After years of searching for isolated jigsaw puzzle tidbits, being in the Texas Medical Center library felt like having access to a giant puzzle-piece warehouse. Ca-chunk , ca-chunk: one new interlocking piece after another! Hour passed in an instant. I couldn't believe the library was closing and I would have to wait until 7:00 the next morning to resume. I was at the door at 6:45.

I learned that each fingerprint is composed of between fifty and one hundred lines, each line having its own signature. There are stops and starts to the lines, forks, and bubbles, a series of easily classifiable formations called pattern minutiae. The FBI does not need all ten of your fingerprints to identify you. Comparing the pattern minutiae of one line of one fingerprint may well do the job. The fact that each fingerprint is unique and unalterable but easy to categorize is what makes fingerprint identification the useful tool it is.

Interestingly, the same patterning system that appears on fingerprints shows up elsewhere in nature: on sand dunes, for instance. Sand dunes are not smooth; they are ridged, and ridges have stops and starts, forks and bubbles, just like fingerprint lines. So too at the beach. When the water recedes, we see a ripple pattern in the sand with markings just like those on sand dunes and our fingerprints. Apparently, the ocean waves have left their imprint on the shoreline. Is it only a coincidence that these patterns share the same characteristics with those on our fingertips?

As I stared at the diagrams in Fingerprints, Palms, and Soles, a shudder went across my shoulders and up and down my spine. The experience was similar to waking in the middle of the night from the power of a Technicolor dream. I felt sensationally calm, profoundly alert, as though I was remembering something long forgotten. The entire system of fingerprint identification appeared in my brain, whole, intact. And I knew, as I know now in my bones, that fingerprints are a soul-level imprint.

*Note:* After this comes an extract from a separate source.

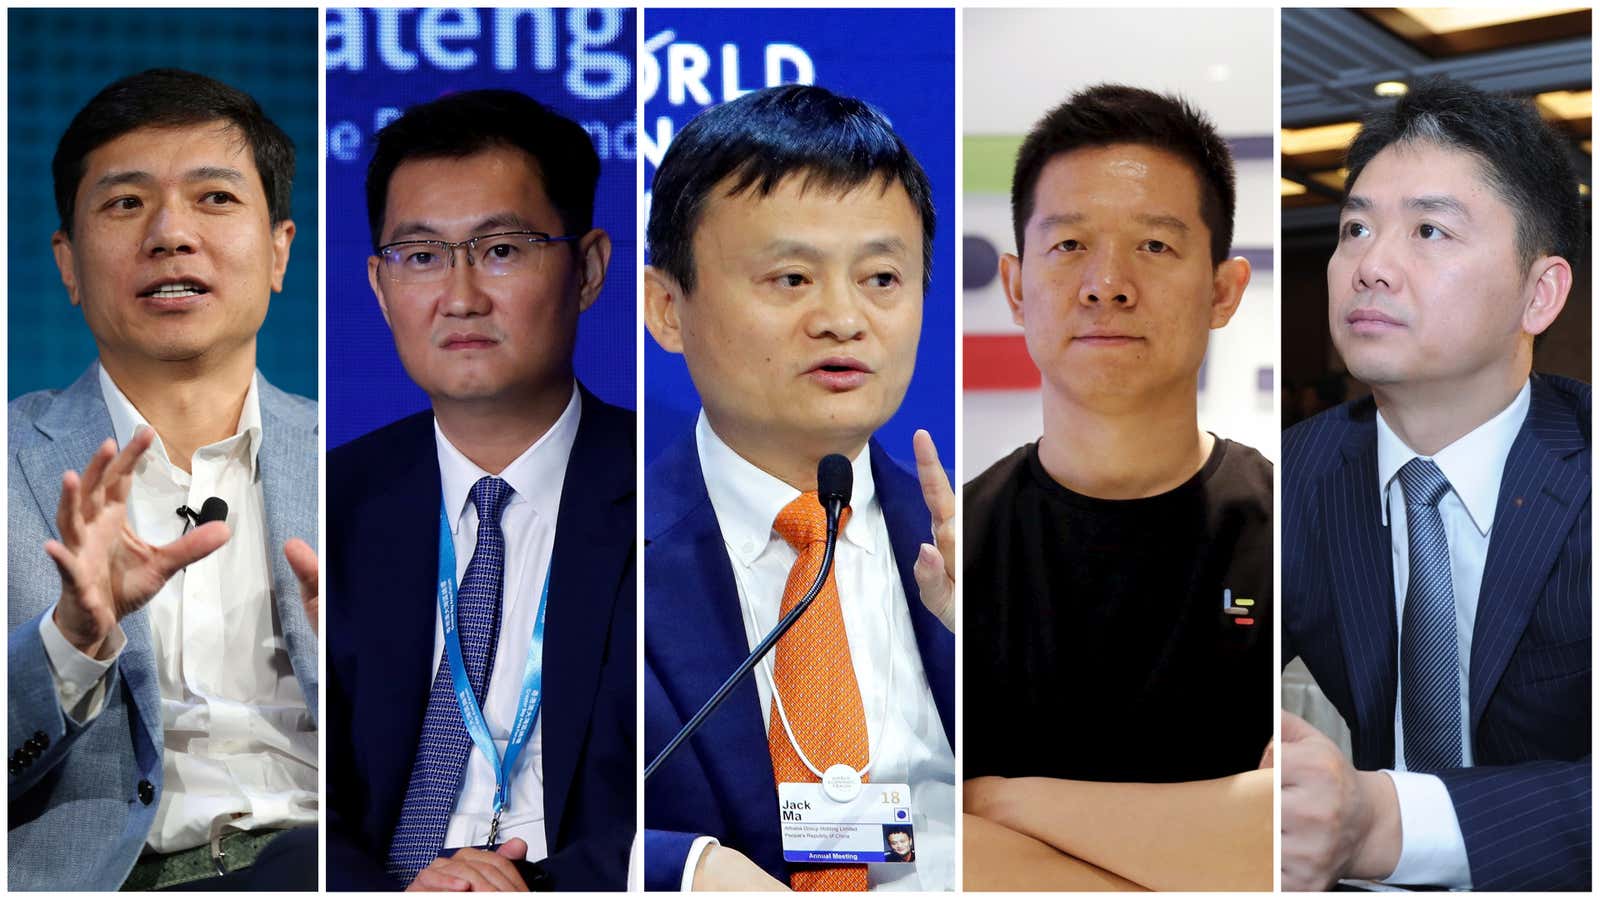 The ones who are ridiculed by China’s internet users.
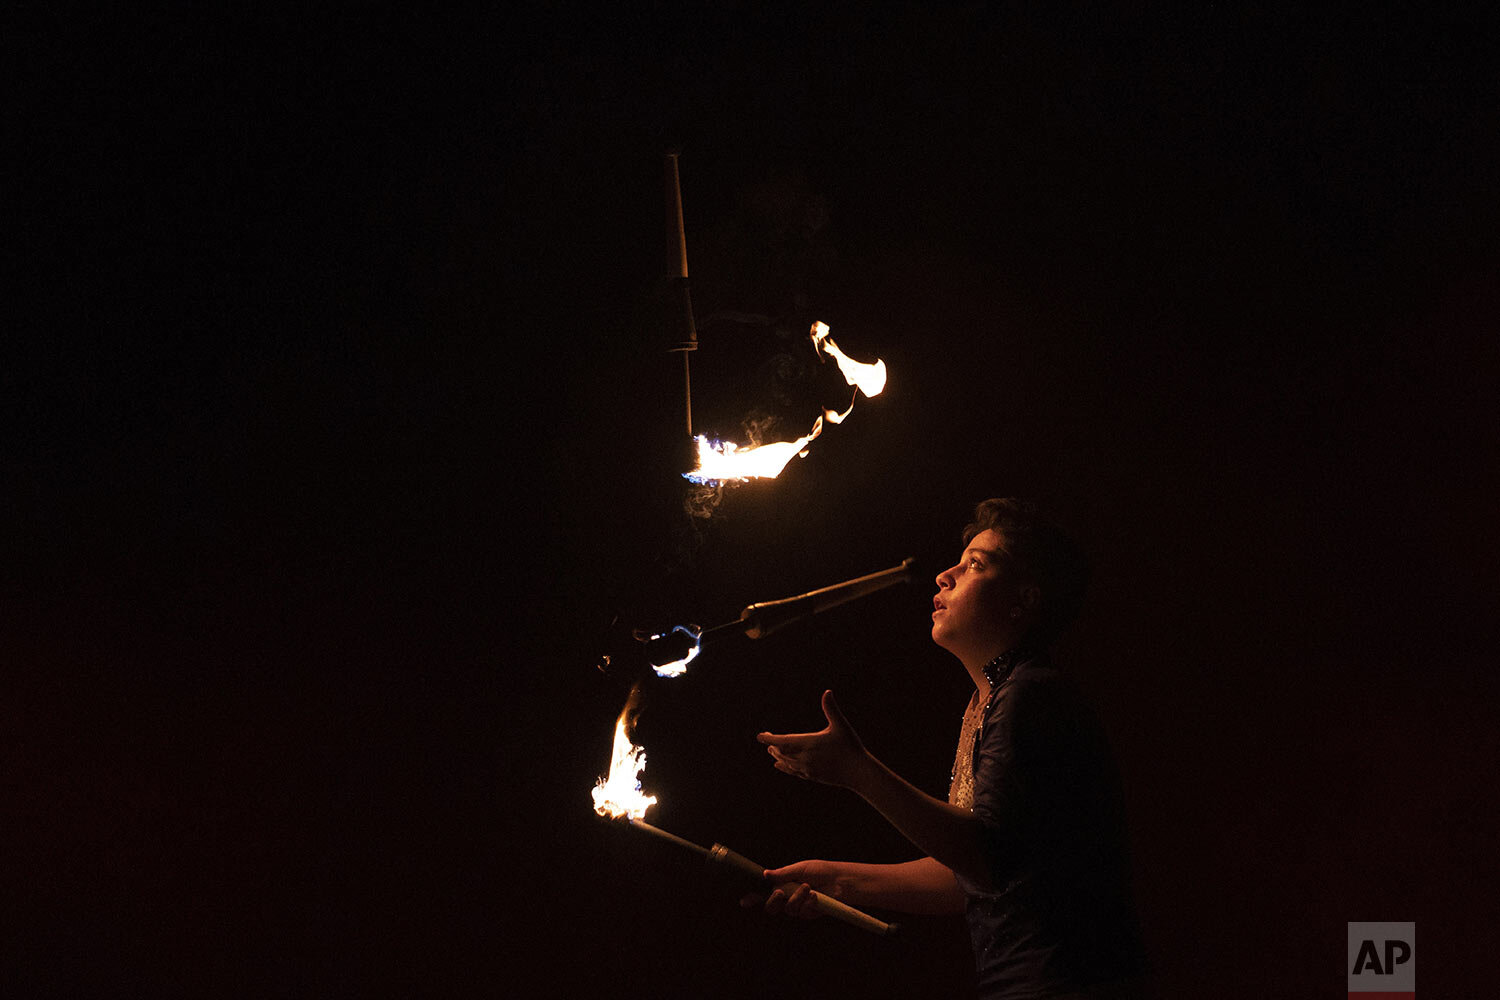  Lucas juggles with fire at the Estoril Circus drive-in show in Itaguai, in greater Rio de Janeiro, Brazil, July 18, 2020. (AP Photo/Leo Correa)

The LifePrints system joins the fingerprint census of arch, loop, whorl sequence of medical literature to the mythic interpretations of hand analysis. The result of this union is a tool as precise as a scalpel and as meaningful as a philosopher's stone: a life-purpose map that can be used as a daily compass to life-scale meaning and fulfillment.

Five months before you were born, a pattern appeared on your body, one with design characteristics similar to the wave impressions left on a beach. Call it a soul map, a holographic image, or a DNA printout, a bar-coded peek at the biological legacy of your ancestors. Consider it your transcript as you begin a new semester at the Earth University.

I'd like to eventually get the notes and the recording I have about the hand reading together so that it's more cohesive and clear on paper and in my mind, I could then also share more about the actual results. Wonder too if I might be identified in some way..

Interested to hear others thoughts/opinions/impressions.